Several vials of ricin powder were found in his room two weeks later after a friend went there to remove Bergendorff's belongings.
Investigators were speaking with Bergendorff for the first time Friday, said Special Agent David Staretz, an FBI spokesman. Neither he nor Las Vegas police would provide more information.
Authorities hope Bergendorff can provide information about the discovery of the deadly powder, along with castor beans from which it is derived, at an extended stay motel where he had been living several blocks from the Las Vegas Strip.
Officials have said they've found no contamination anywhere, and no link to terrorism in the discovery of the exotic toxin, which can be lethal in amounts the size of the head of a pin. Ricin has no antidote and is legal only for cancer research.
In court documents made public this week, police call ricin a "biological weapon" and say four "anarchists cookbooks" marked at sections describing how to manufacture ricin were found in Bergendorff's room.

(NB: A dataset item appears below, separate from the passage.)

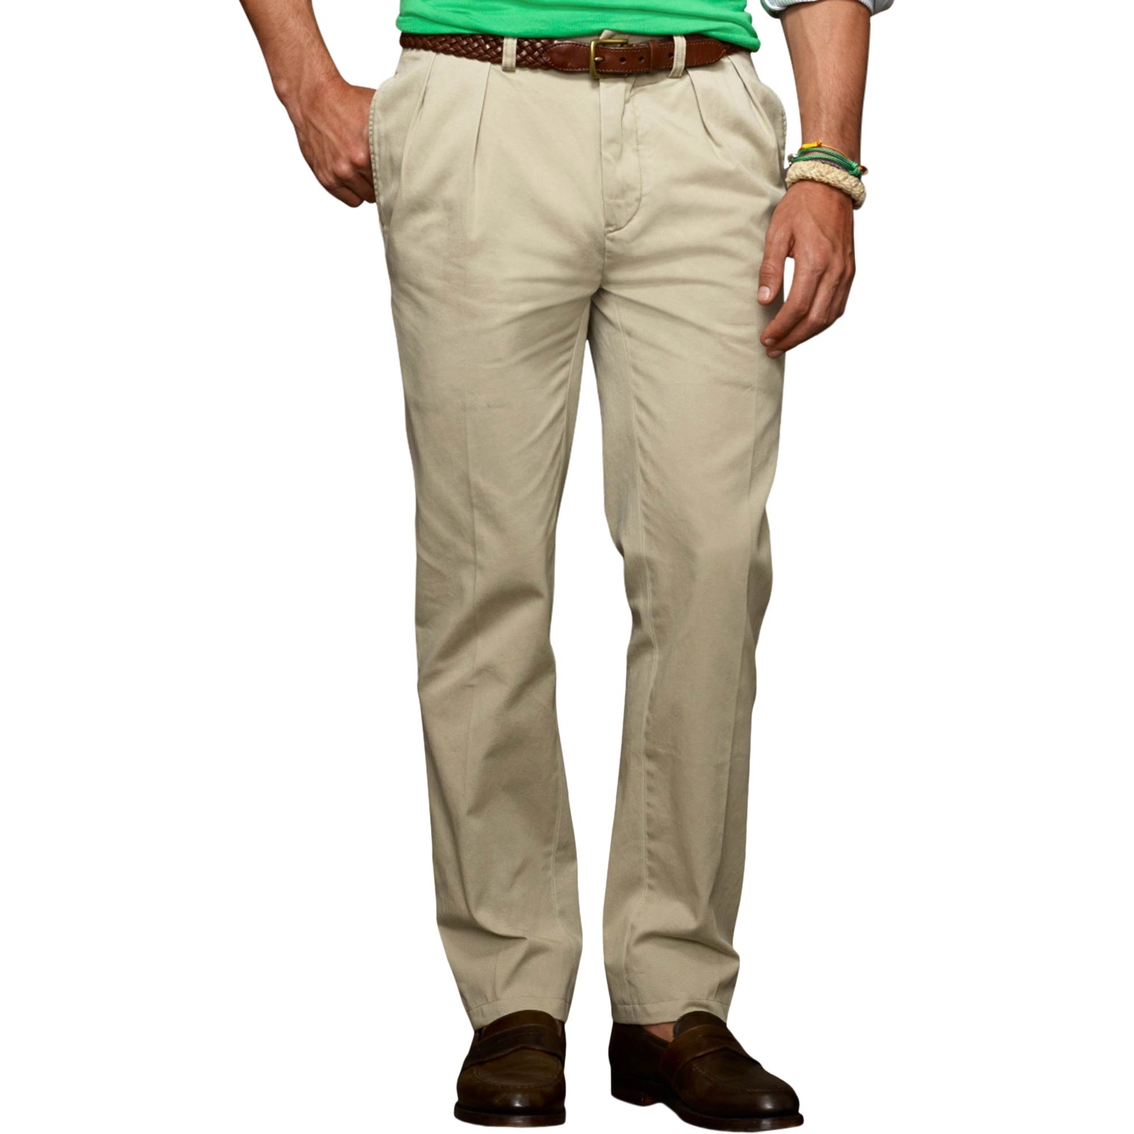 polo ralph lauren classic fit chino pants

Friends and family members describe Bergendorff as an unemployed and unmarried graphic artist, a recovering alcoholic who loved his dog and cats and struggled to pay his bills while living in Huntington Beach, Calif., Reno, the San Diego area and a pickup truck camper near Salt Lake City. He moved in recent months to an extended stay motel several blocks off the Las Vegas Strip.

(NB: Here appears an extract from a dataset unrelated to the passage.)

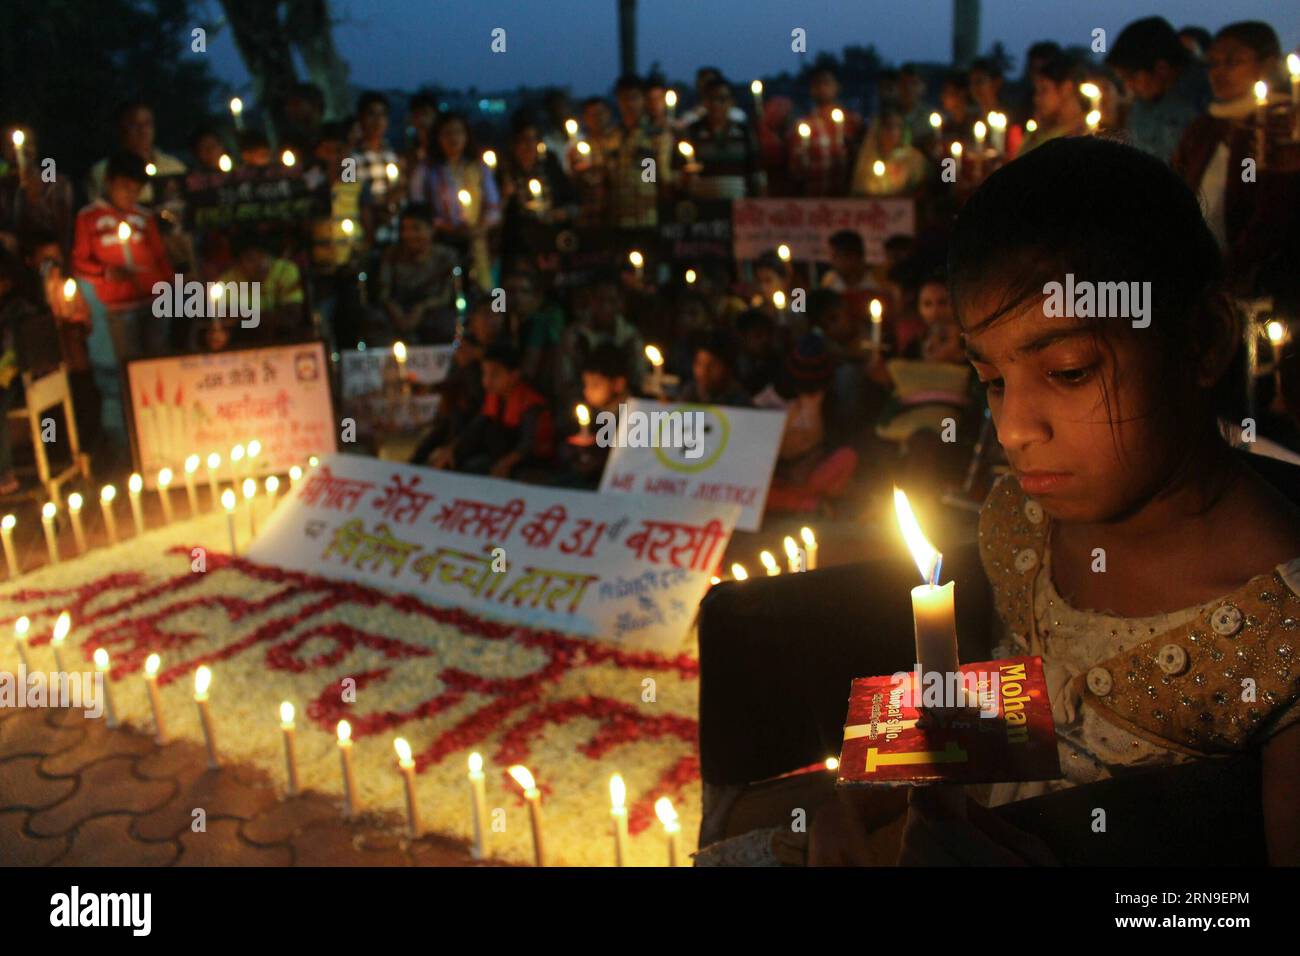 (151202) -- BHOPAL, Dec. 1, 2015 () -- Survivors descendants with congenital disabilities light candles during a vigil marking the 31st anniversary of the gas tragedy in Bhopal, India, Dec. 1, 2015. More than 15,000 residents were killed by the gas leakage from the Union Carbide pesticide plant on the night of Dec. 1 to 3, 1984 in Bhopal, considered the world s worst industrial disaster. (/Stringer) INDIA-BHOPAL-BHOPAL DISASTER-CONDOLENCE Xinhua PUBLICATIONxNOTxINxCHN   151202 Bhopal DEC 1 2015 Survivors descendants With congenital Disabilities Light Candles during a Vigil marking The 31st Ann Stock Photo

A younger brother, Erich Bergendorff of Escondido, Calif., said hospital officials told him Wednesday that his brother was awake and had been told that his beloved dog, Angel, was euthanized after the Humane Society found her starving and without water in his motel room.
"It was my impression that they were able to communicate with him and he had talked enough to ask a few things," said.
Authorities suspect Bergendorff was exposed to ricin, and experts have said his symptoms appeared consistent with ricin exposure. The poison breaks down in the body within days, however, making it difficult to trace.